We are representing the director of a company that entered into voluntary liquidation at the end of December 2012. The liquidator is bringing various claims against the director including misfeasance claims arising out of section 212 of the Insolvency Act 1986. This case study, in what is an on-going case, shows our approach to defending Misfeasance Claims against directors, and details what we consider to be the likely outcome.
Misfeasance Claims and the Details of this Case
Misfeasance Claims usually involve an allegation that a director has misapplied money or other property of the company and/or breached his/her duties as a director. In this case, the amounts claimed by the liquidator total £148,000 plus interest and legal costs. In the three years prior to insolvency the company reported modest profits. The core of this Misfeasance Claim is that the liquidator alleges that the director took drawings and loans far in excess of the stated profits in that period.
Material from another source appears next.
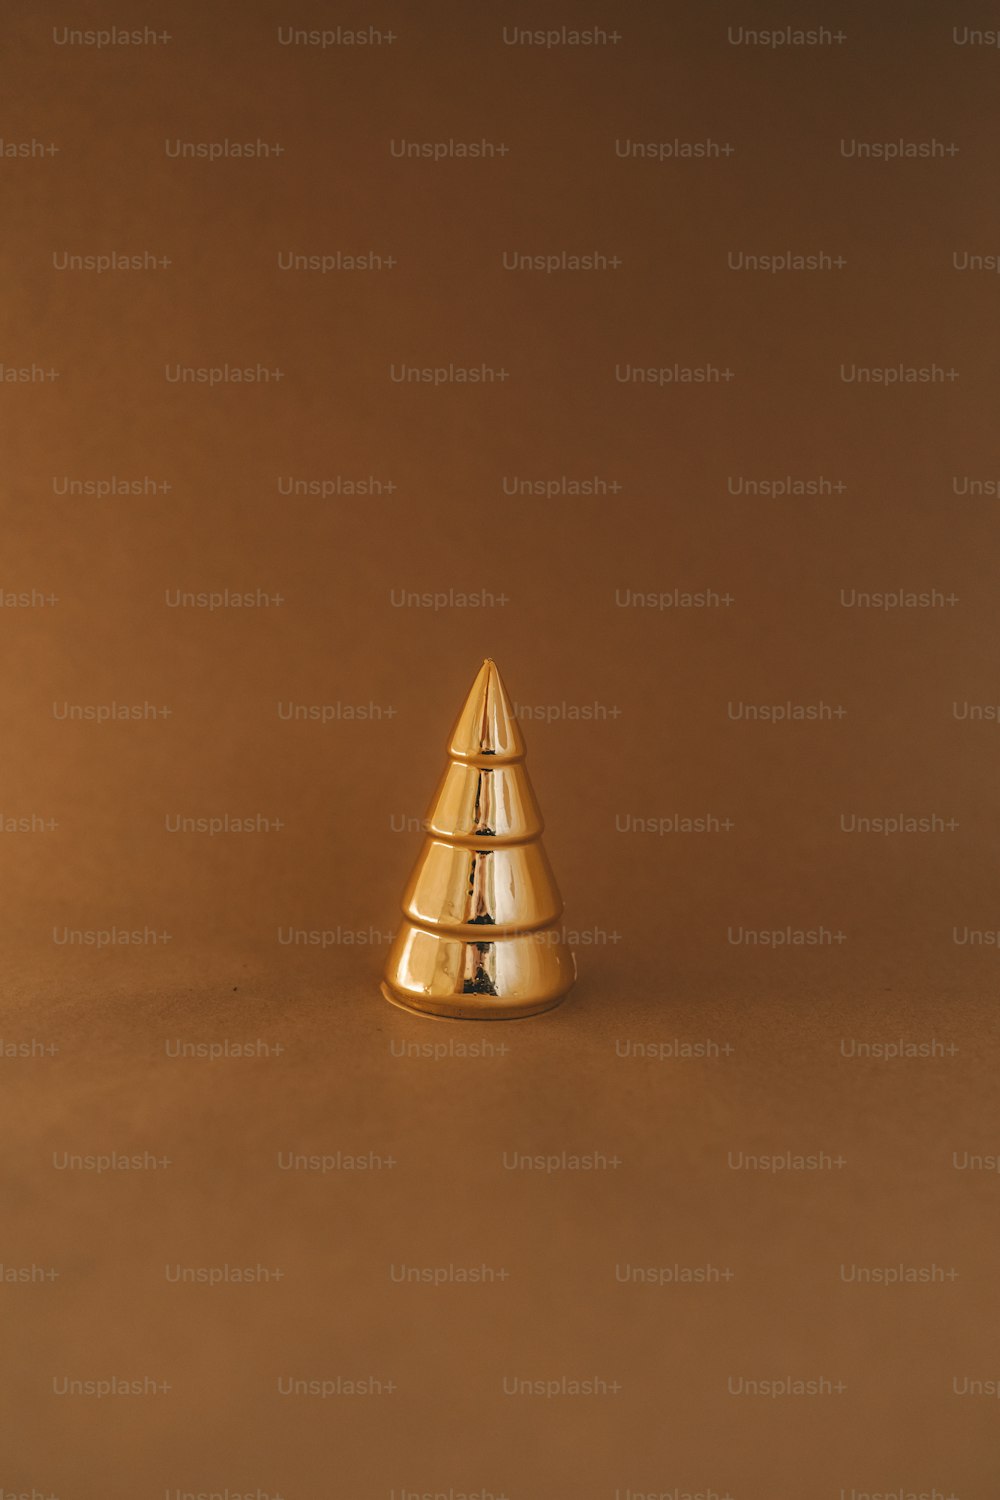 ein goldenes kegelförmiges Objekt auf braunem Hintergrund

The liquidator complains that by authorising, arranging and/or otherwise being involved with the director’s loans, that our client, as a director of the company, breached her duties to the company. In addition, the liquidator claims that the drawings and loans constituted the misapplication or unlawful retention of company money which (on the liquidator’s analysis) amounts to misfeasance and/or a breach of duties owed by the director to the company.
The liquidator claims that our director client is liable for misfeasance under section 212 of the Insolvency Act 1986 and the liquidator is seeking an order that our client and one other director repay or contribute to the assets of the company (on a joint and several basis) to the tune of £148,000 plus interest.
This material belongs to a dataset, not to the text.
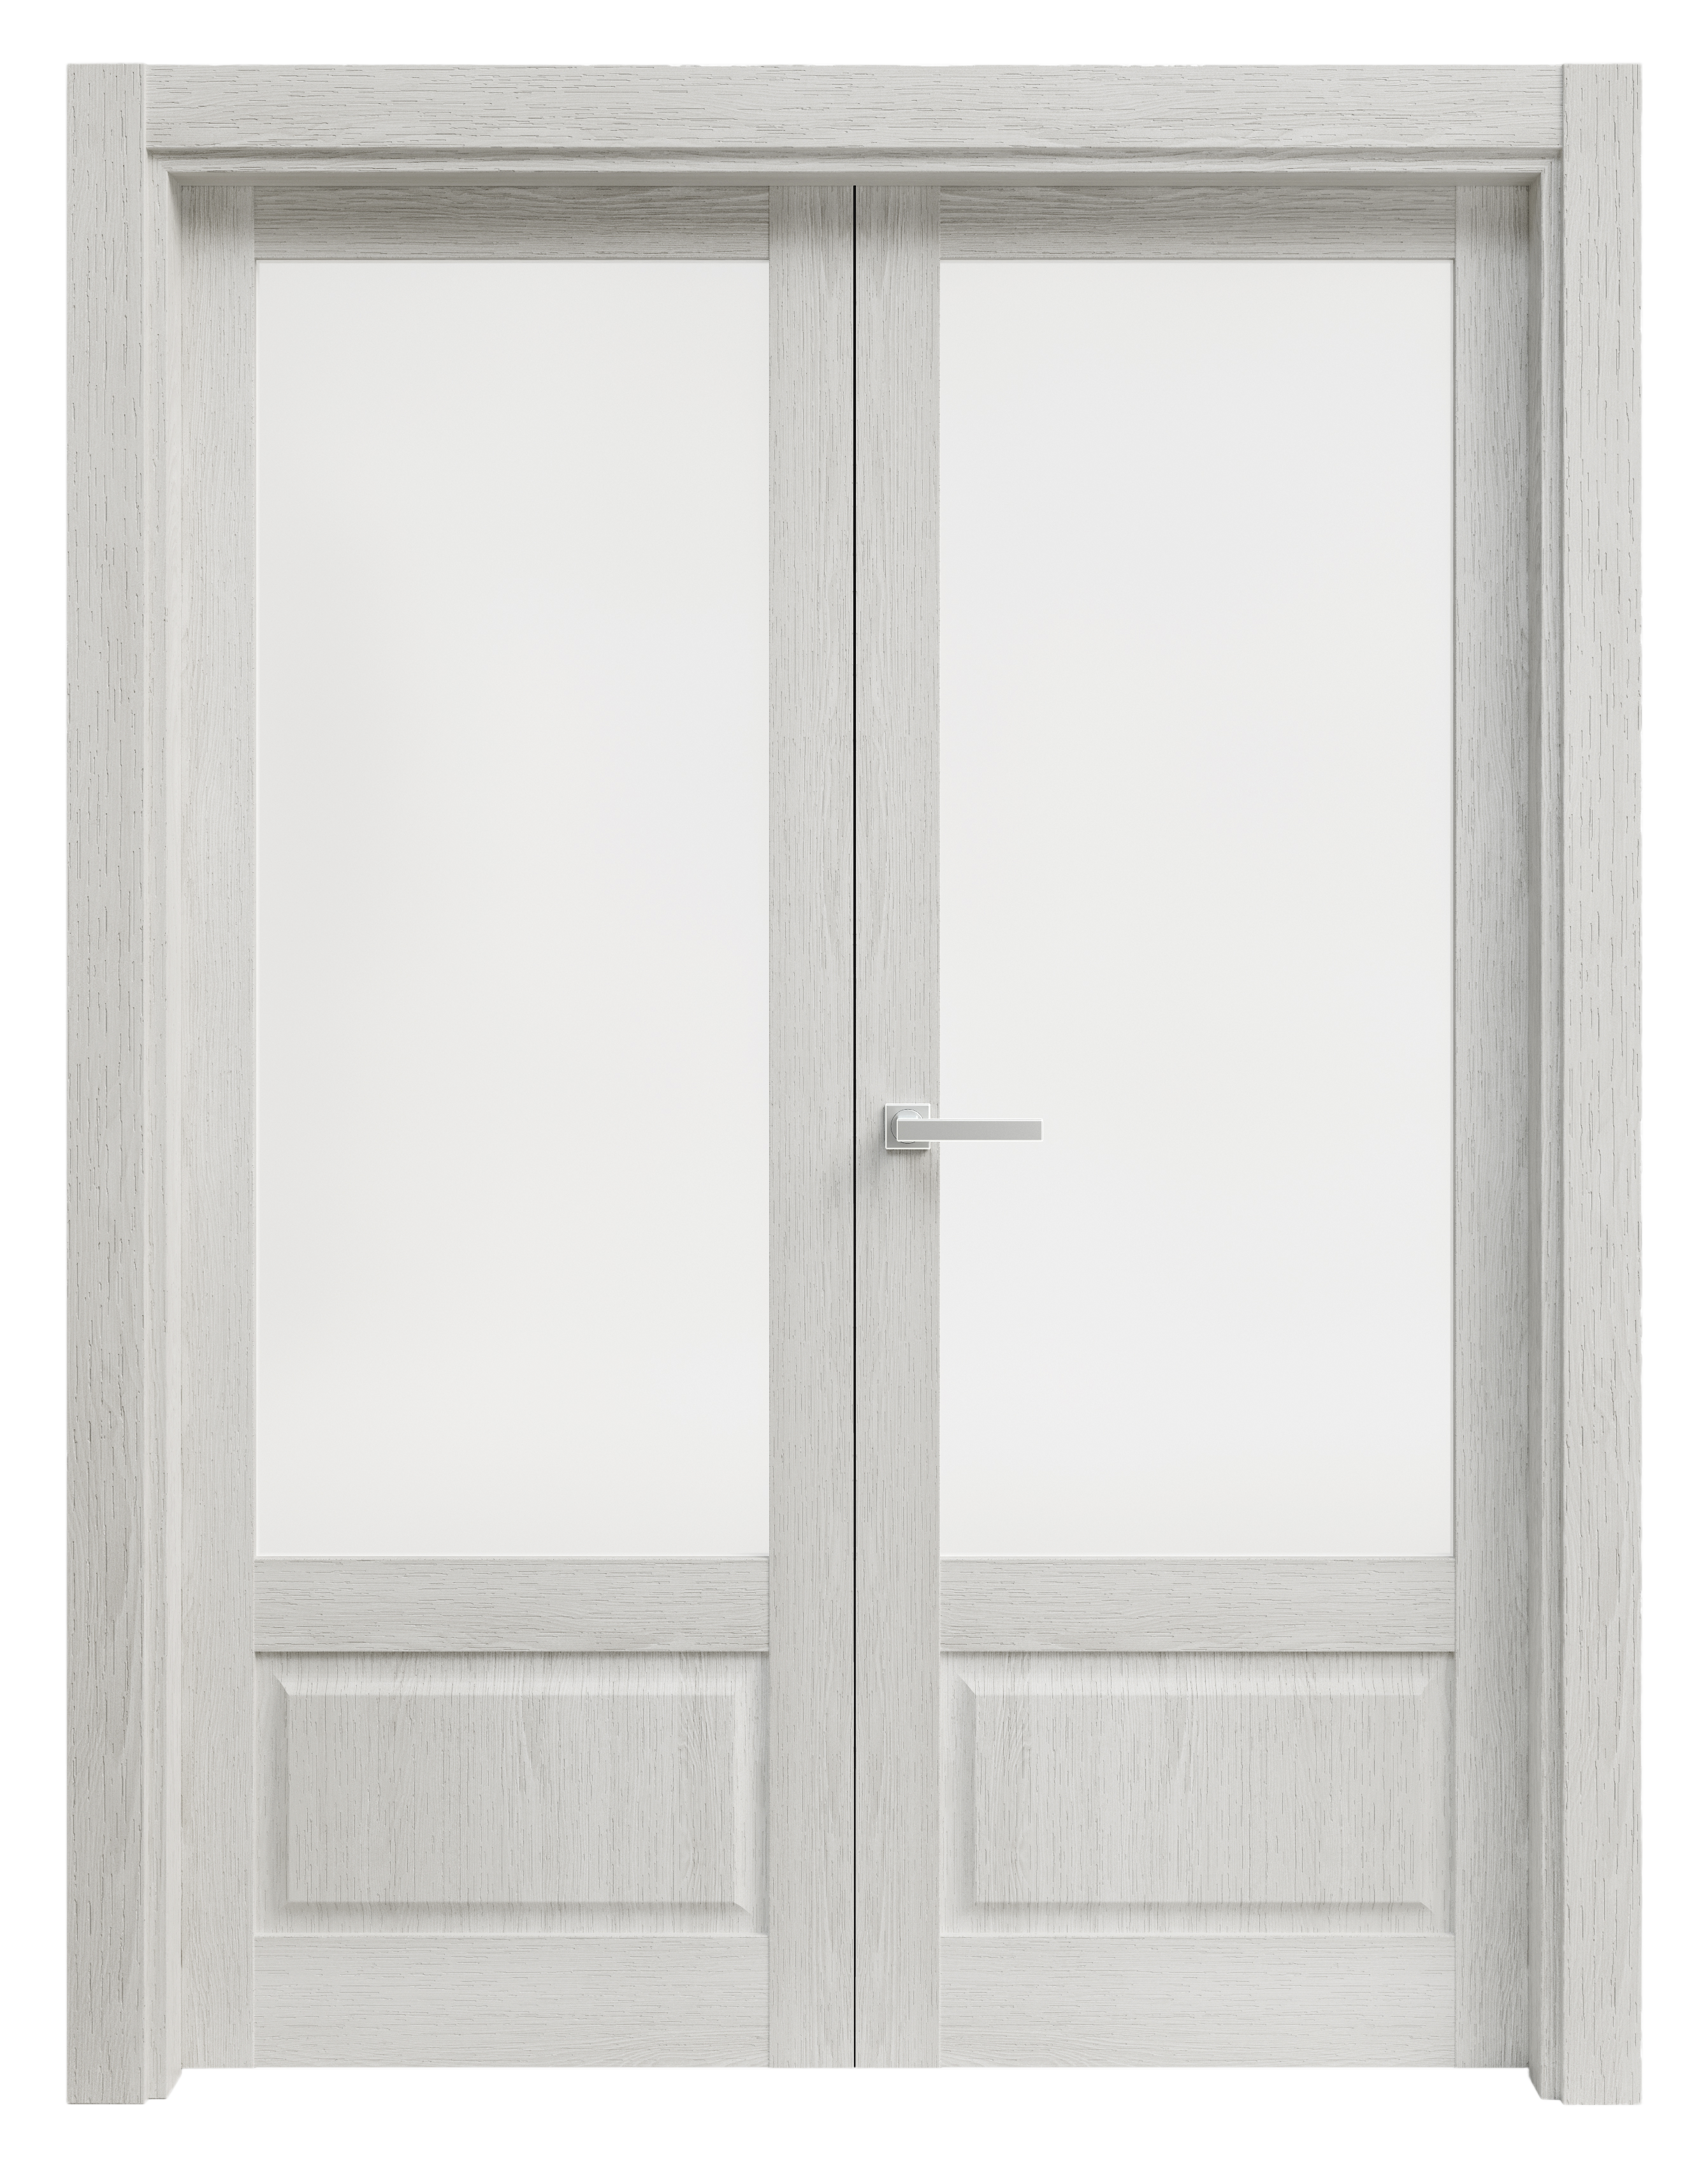 Puerta abatible sofia blanca line plus con cristal blanco izquierda de 125 c

The Likely Outcome for this Misfeasance Claim – Settlement by Negotiation
The case is ongoing. It is inevitable on these facts that a settlement will be reached with the liquidator, that will reflect not only this financial liability but also the director’s other pressing financial obligations which also need to be taken into account.
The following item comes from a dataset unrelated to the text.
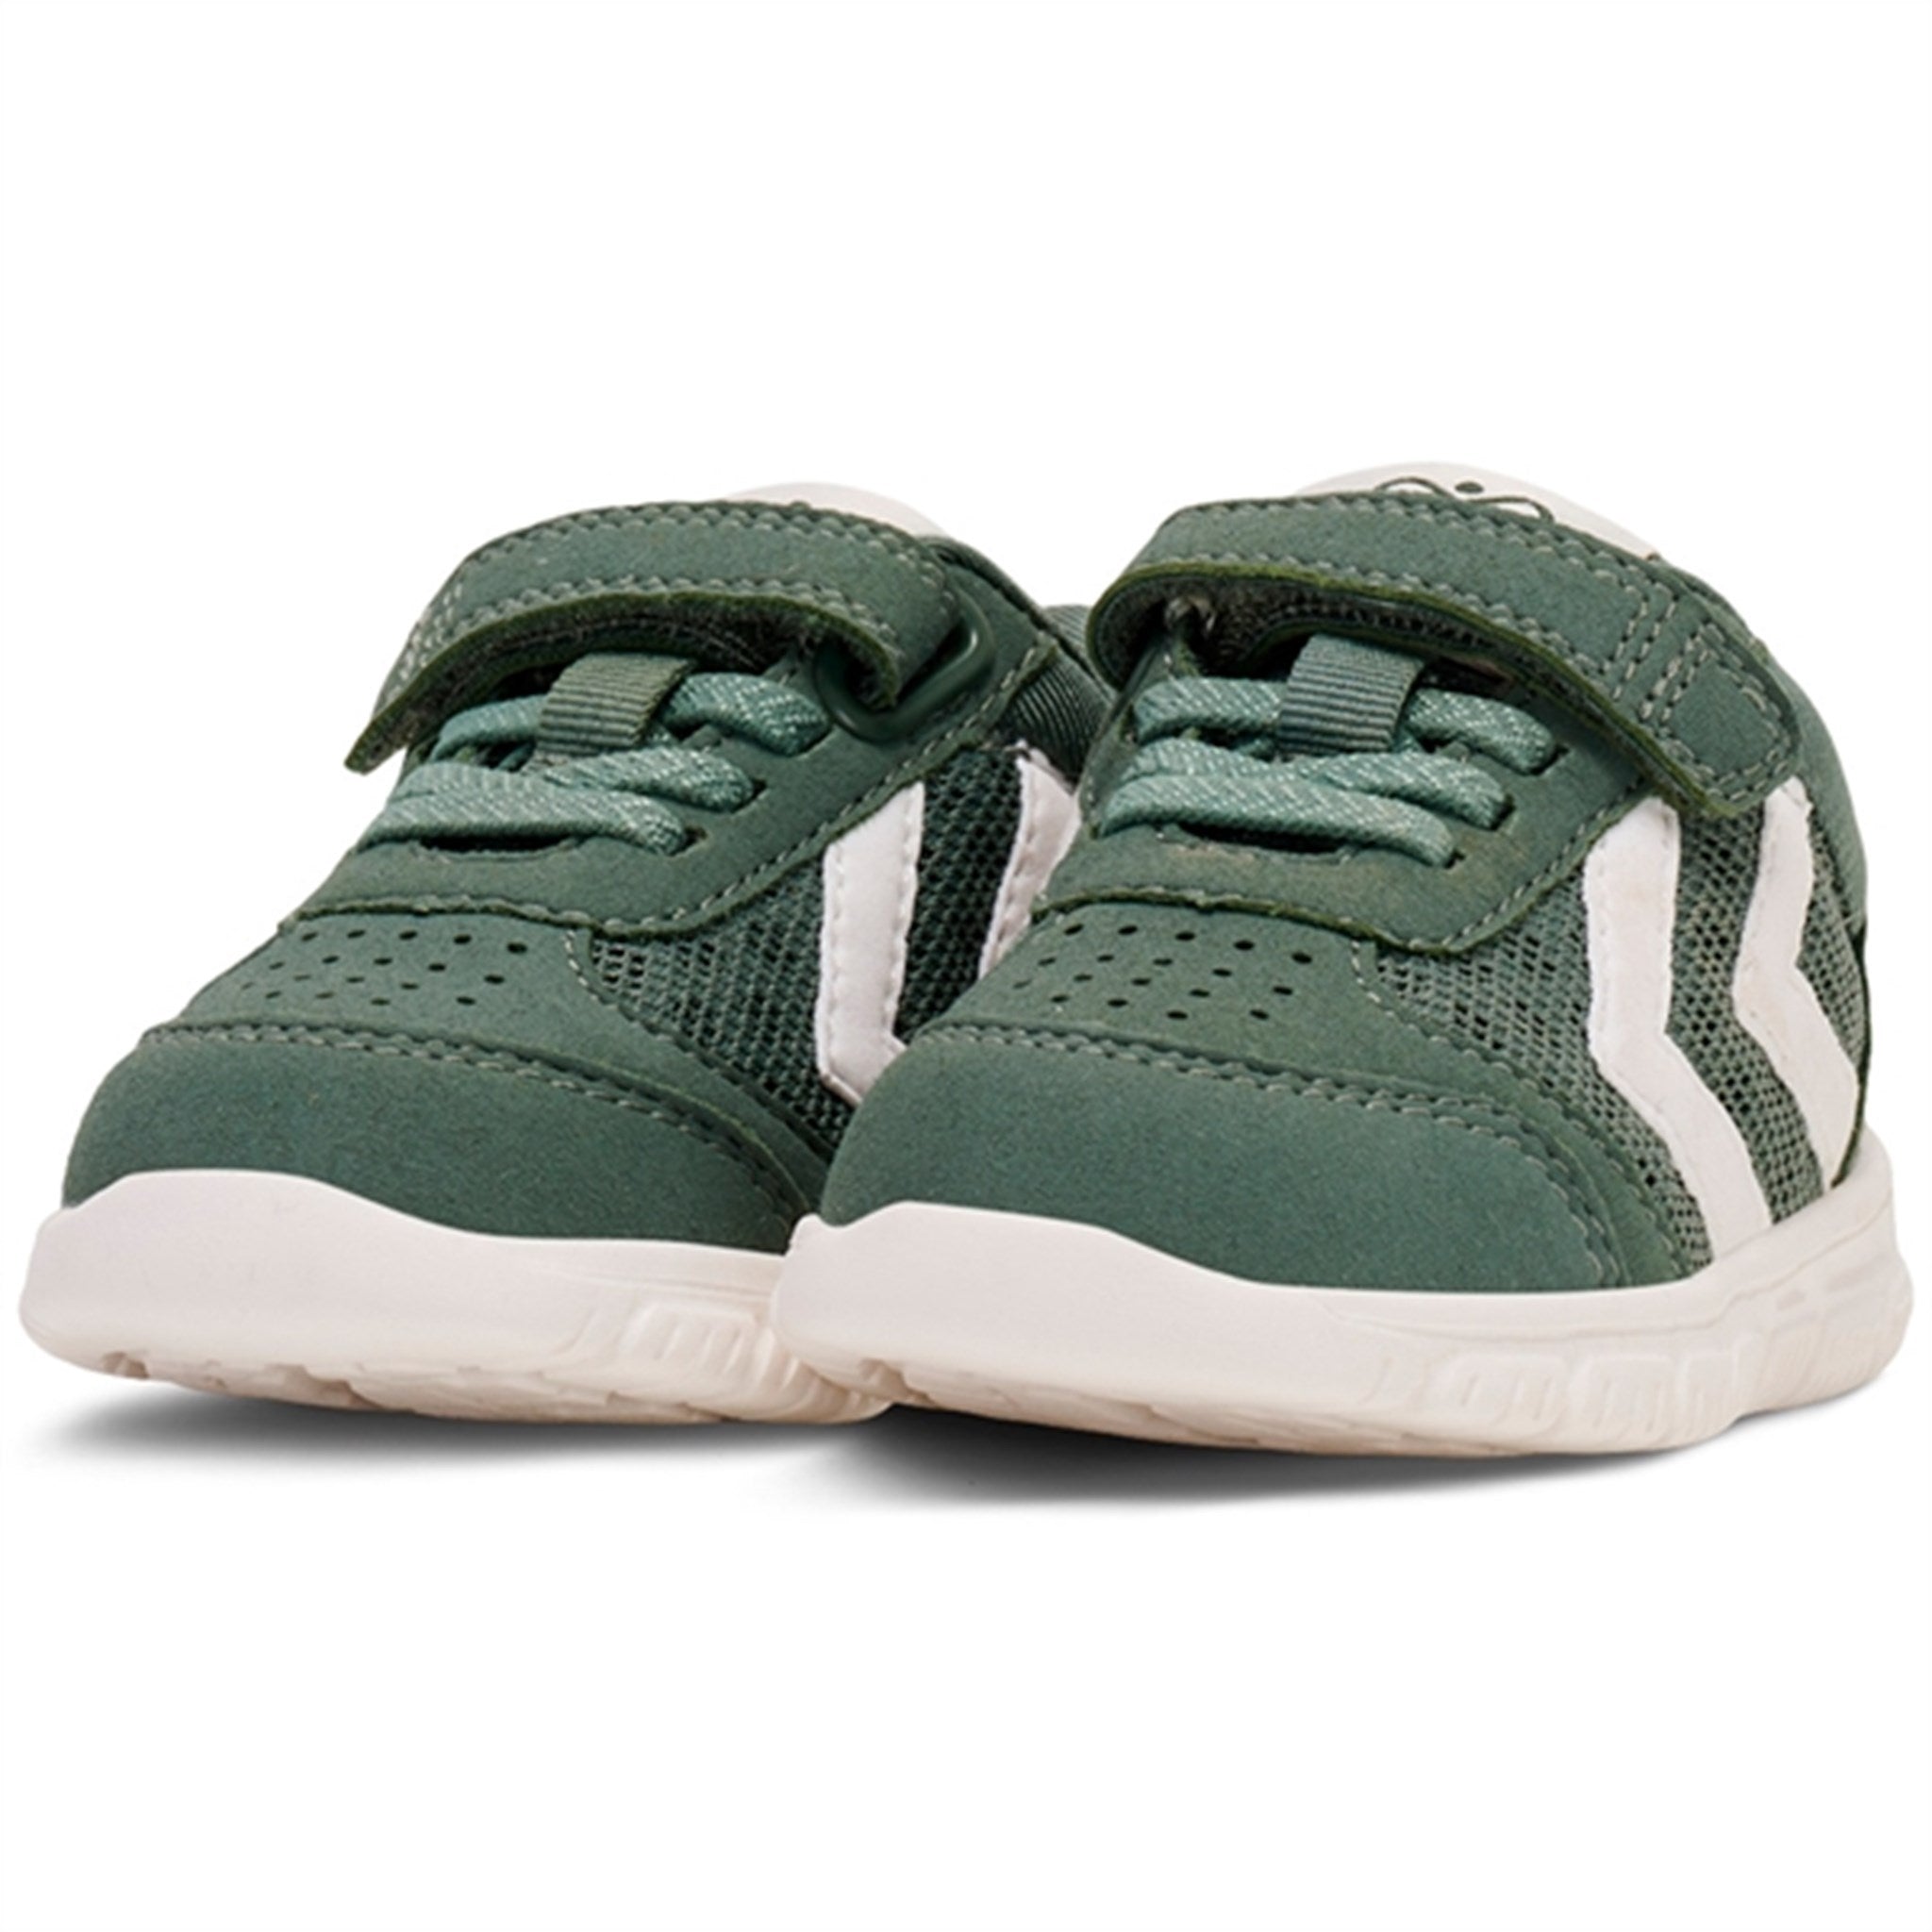 Hummel Crosslite Infant Sneakers Laurel Wreath 7

We envisage negotiating a settlement in the region of 15p – 20p in the pound (of the total claimed), in light of the above.
That will produce for the liquidator a settlement sum of £25,000 – £30,000, significantly less than the amount claimed. In addition, we anticipate that the agreed amount will be paid over a period of time and incorporated into the terms of the settlement agreement.
Contact us if you are facing Misfeasance Claims
Misfeasance Claims against directors are increasing. We specialise in helping to defend directors against Misfeasance Claims. So, if you are a director and have received a Misfeasance Claim from a Liquidator, have a look at our our 5 best tips to get a flavour of how you might deal with such a claim. Then contact us or call us on 0121 200 7040 for a free initial discussion so we can assess the merits of your case and how much we can help. The sooner you get in touch, the more likely it is that we can help.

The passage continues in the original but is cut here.